§ **What this task involves**
In this exercise, the entries below include pictures. Repeat exactly the lines from the line with "Aetrex X821 Men's" to the line with "The Winter Season", including both, but without the pictures.
### Data to examine
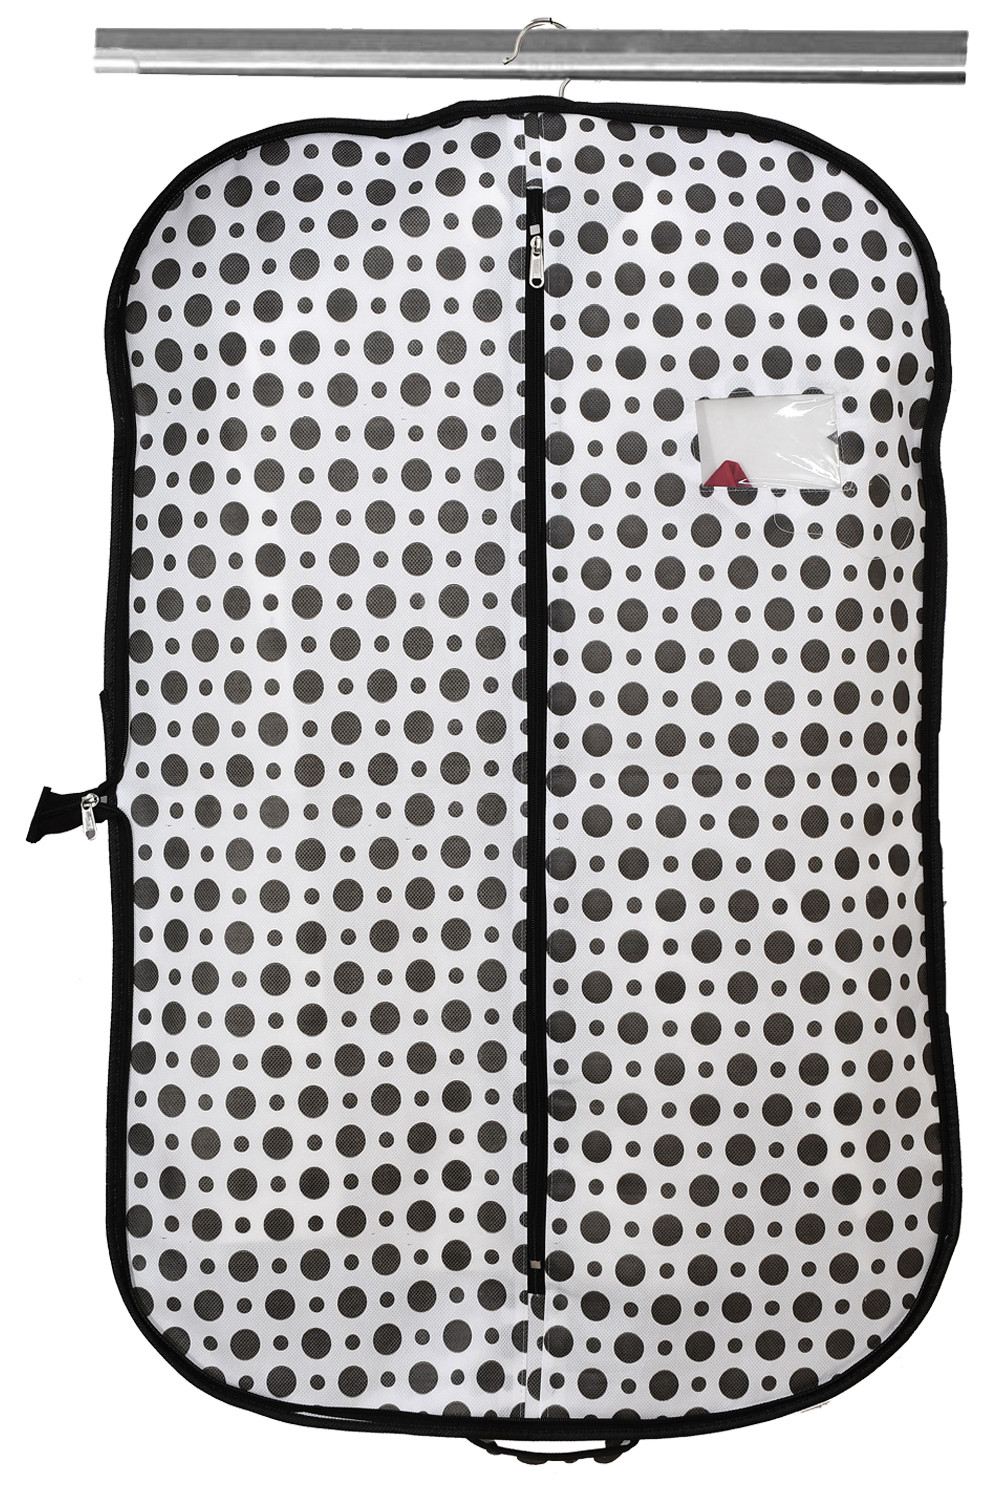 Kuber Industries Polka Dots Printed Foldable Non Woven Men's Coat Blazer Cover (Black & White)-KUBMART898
######
### Data to examine
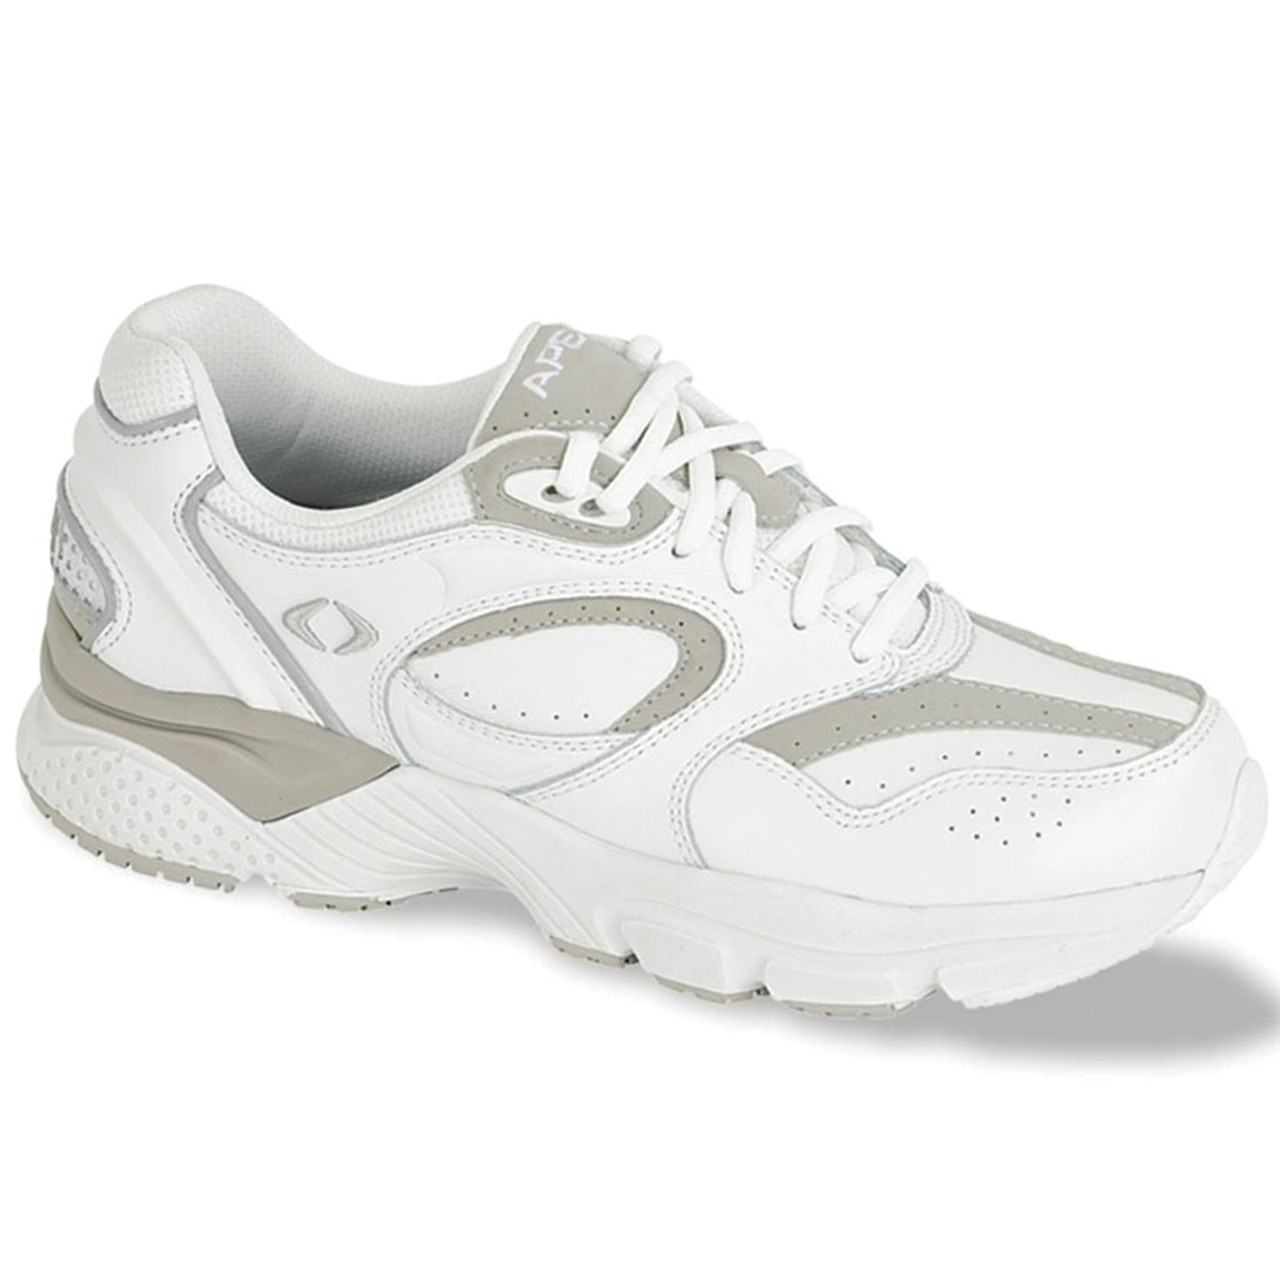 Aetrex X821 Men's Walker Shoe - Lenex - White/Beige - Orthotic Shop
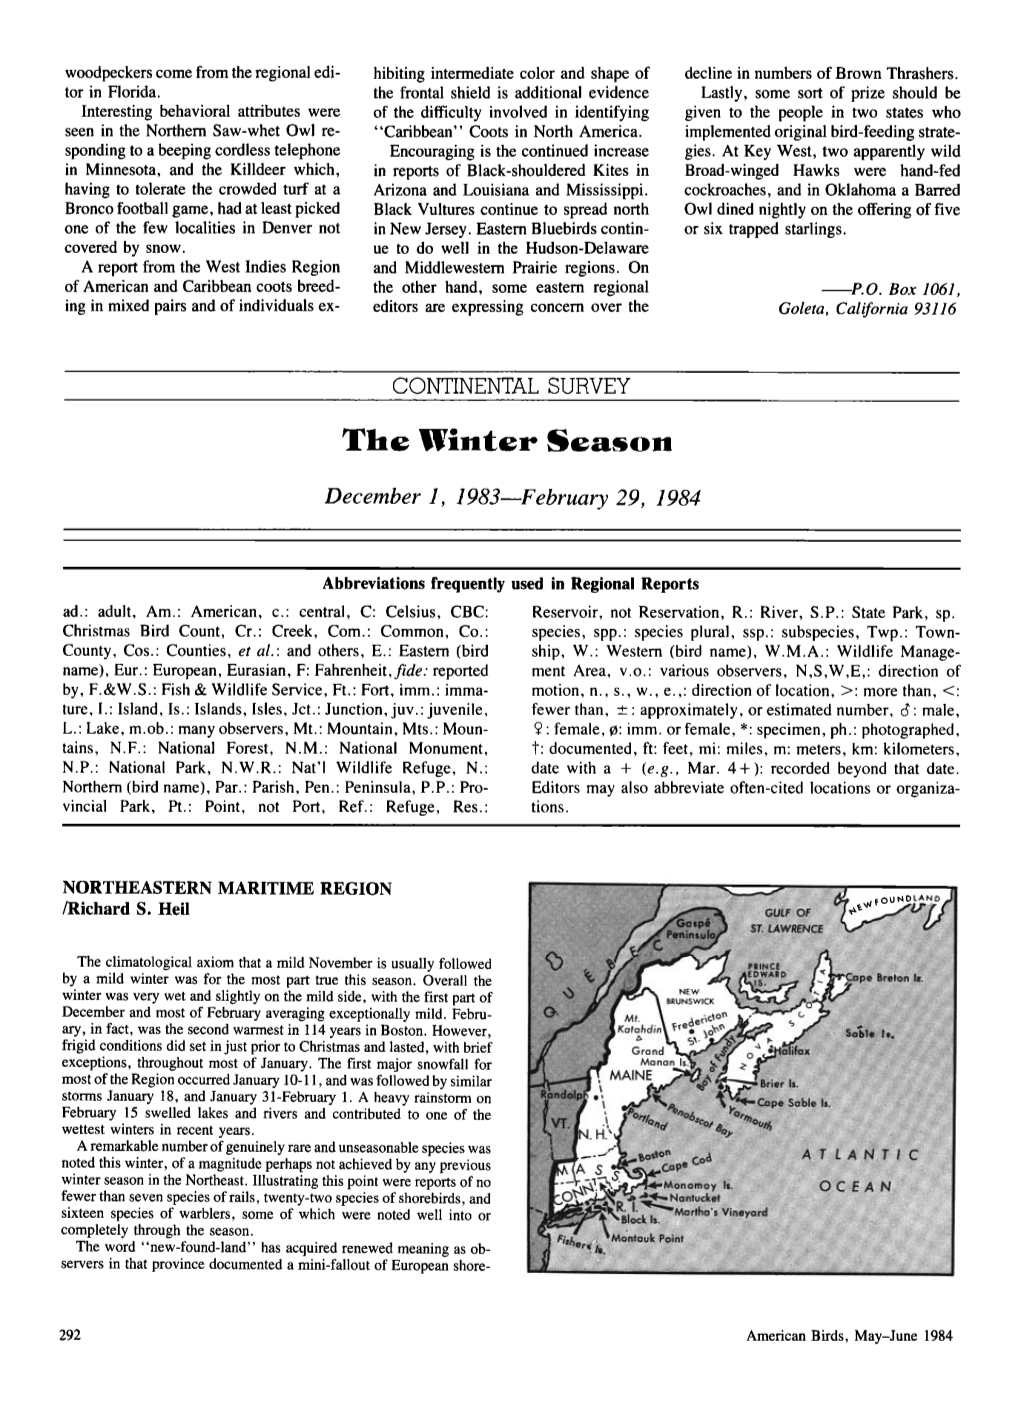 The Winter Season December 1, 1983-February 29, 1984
######
§ **Solution**
 Aetrex X821 Men's Walker Shoe - Lenex - White/Beige - Orthotic Shop
 The Winter Season December 1, 1983-February 29, 1984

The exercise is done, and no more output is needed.